Search code examples
pythonmatplotlibhistogrambinning

Choice of bins for histograms with relatively few datapoints


Consider a plot with multiple histograms in matplotlib like this:

#! /usr/bin/env python3
import matplotlib.pyplot as plt
import random

# Use the same seed for reproducibility.
random.seed(10586)

data1 = [random.gauss(1e-4, 3e-2) for _ in range(10**3)] + [0.3]
data2 = [random.gauss(1e-2, 3e-3) for _ in range(10**3)] + [0.4]
data3 = [0.2]

if __name__ == '__main__':
    plt.xlim(xmin=0, xmax=0.8)
    plt.yscale('log')
    n1, bins1, patches1 = plt.hist(data1, bins='auto', alpha=0.6)
    n2, bins2, patches2 = plt.hist(data2, bins='auto', alpha=0.6)
    n3, bins3, patches3 = plt.hist(data3, bins='auto', alpha=0.6)
    bin_options = ['auto', 'fd', 'doane', 'scott', 'rice', 'sturges', 'sqrt']
    plt.show()

However, the third dataset has only one datapoint, so when we use plt.hist(data3, bins='auto') we get a long bar stretched across the x-range, and can no longer see that its value is 0.2:

stretched out

(This is most apparent with just one datapoint, but it's an issue with e.g. two or three also.)
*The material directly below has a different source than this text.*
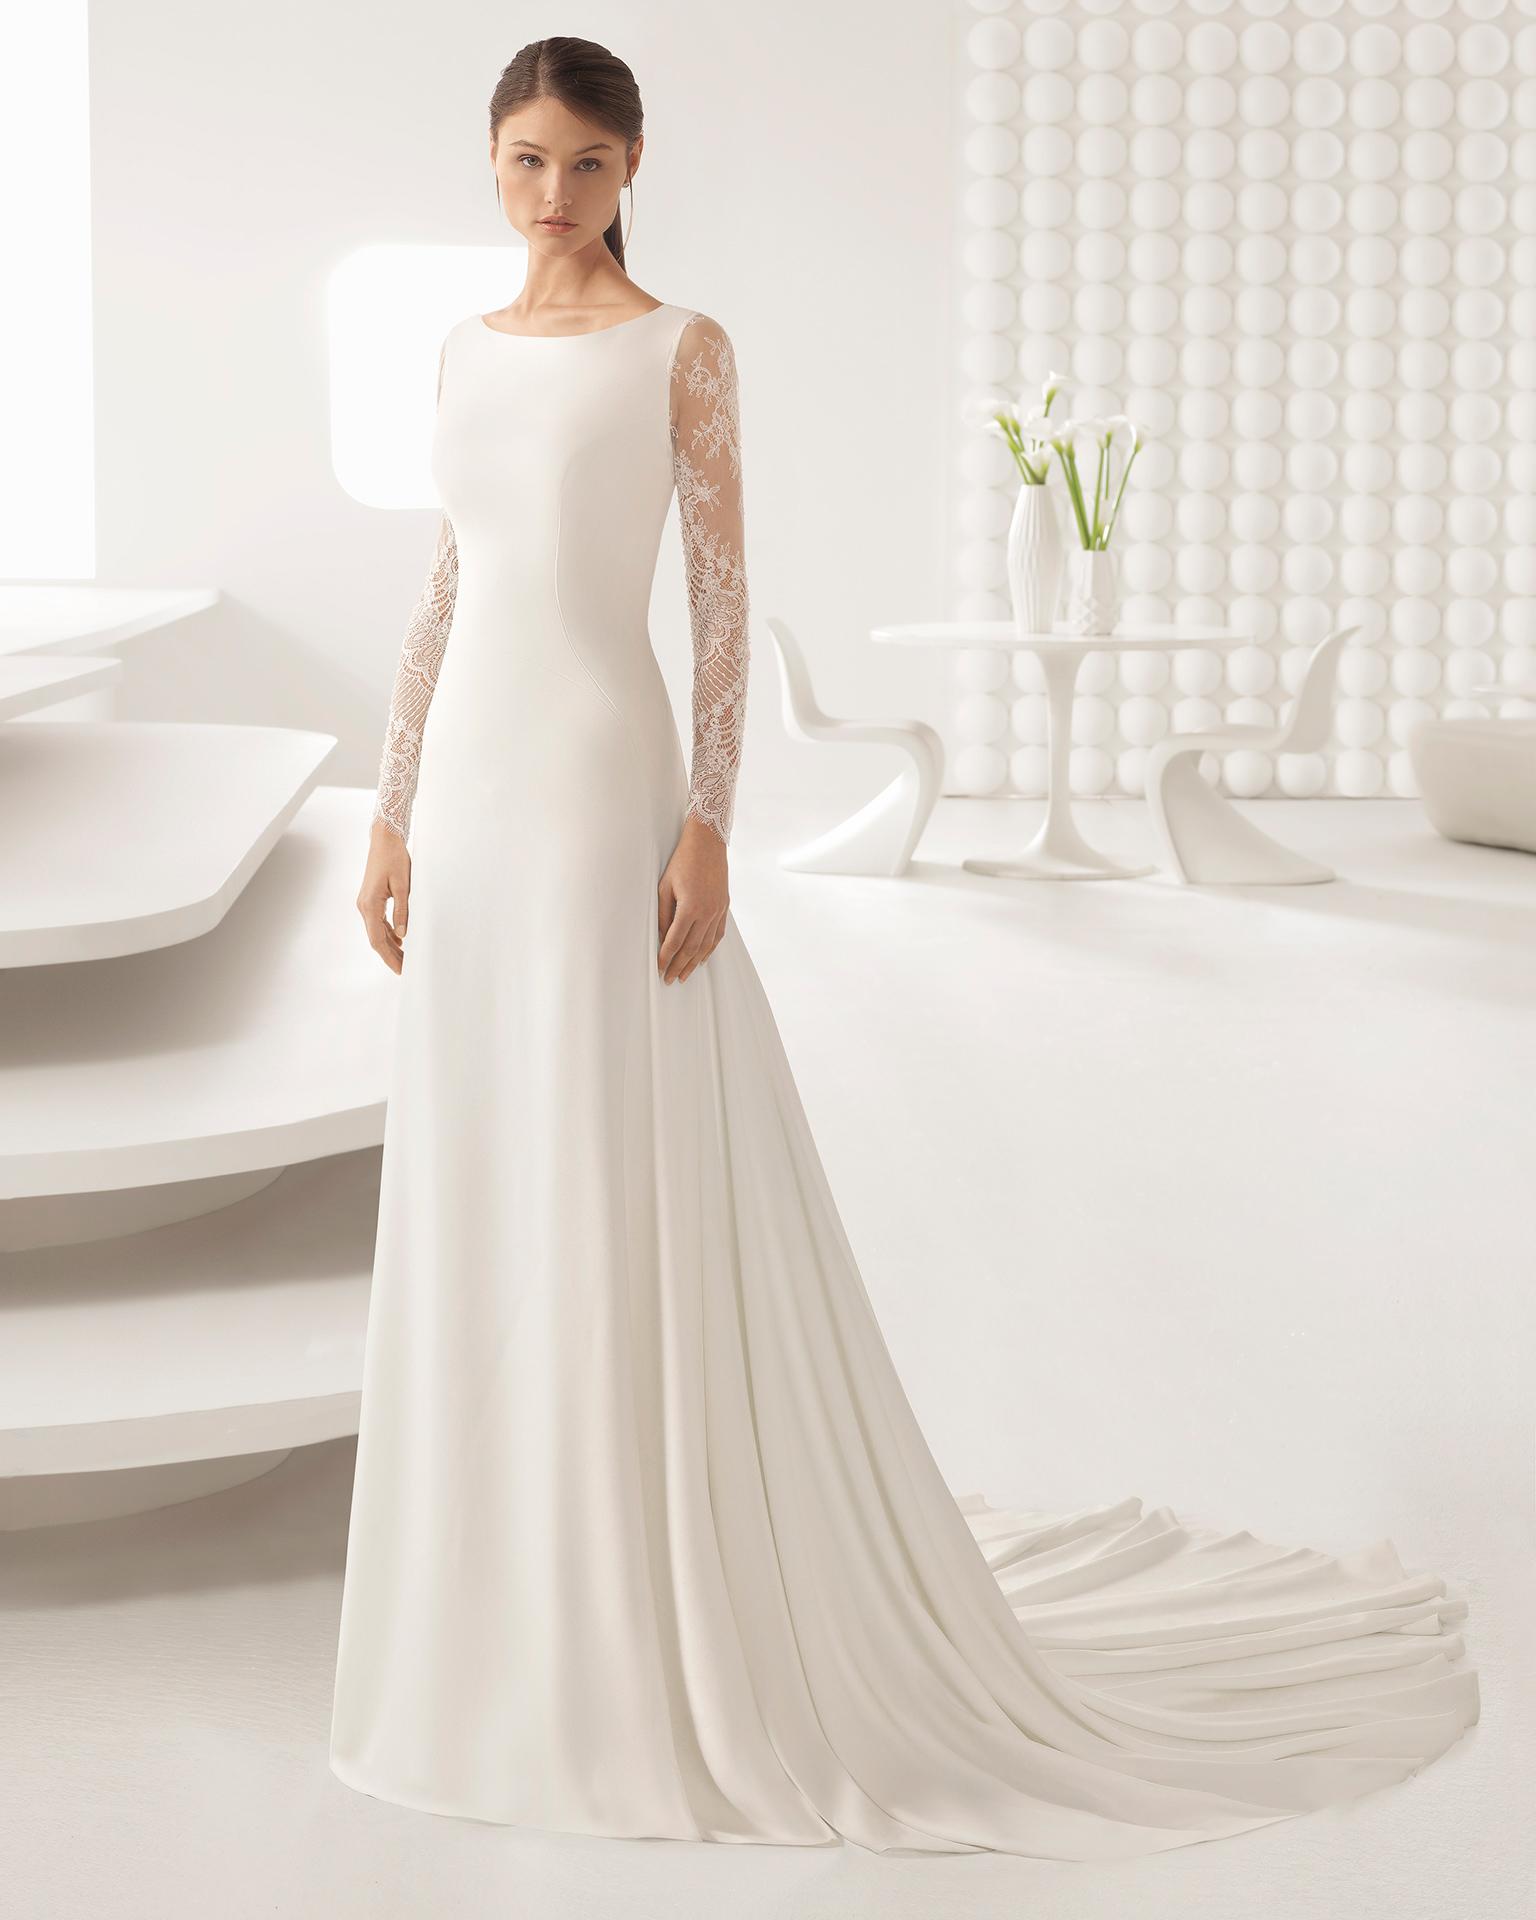 Träumewerk: Vintage-Brautkleider kommen nach Kiel

One way to avoid this it to just re-use the bins of another dataset. For example, for plt.hist(data3, bins=bins1), we can see data3 just fine:

what we want

However, if we use the other data set via bins=bins2, the bins are too narrow and we cannot see data3 at all:

all gone

How can we ensure that a histogram with relatively few points is visible, but still see its value on the x-axis?


Solution

  • To ensure you see a bar, even if it is too narrow to comprise a pixel, you could give it an edgecolor,

    import matplotlib.pyplot as plt
    import random
    random.seed(10586)
    
    data2 = [random.gauss(1e-2, 3e-3) for _ in range(10**3)] + [0.4]
    
    plt.xlim(0, 0.8)
    plt.yscale('log')
    
    n2, bins2, patches2 = plt.hist(data2, bins='auto', alpha=0.6, edgecolor="C0")
    
    plt.show()
    

    enter image description here

    Or use histtype="stepfilled" to create a polygon, because individual bar's aren't distinguishable with that many bins anyways,

    n2, bins2, patches2 = plt.hist(data2, bins='auto', alpha=0.6, histtype="stepfilled")
    

    enter image description here

    The latter also has the advantage of obeying the alpha, which is otherwise not seen due to the overlap of the bars. Also it should be a faster drawing one single shape rather than some 1000 bars.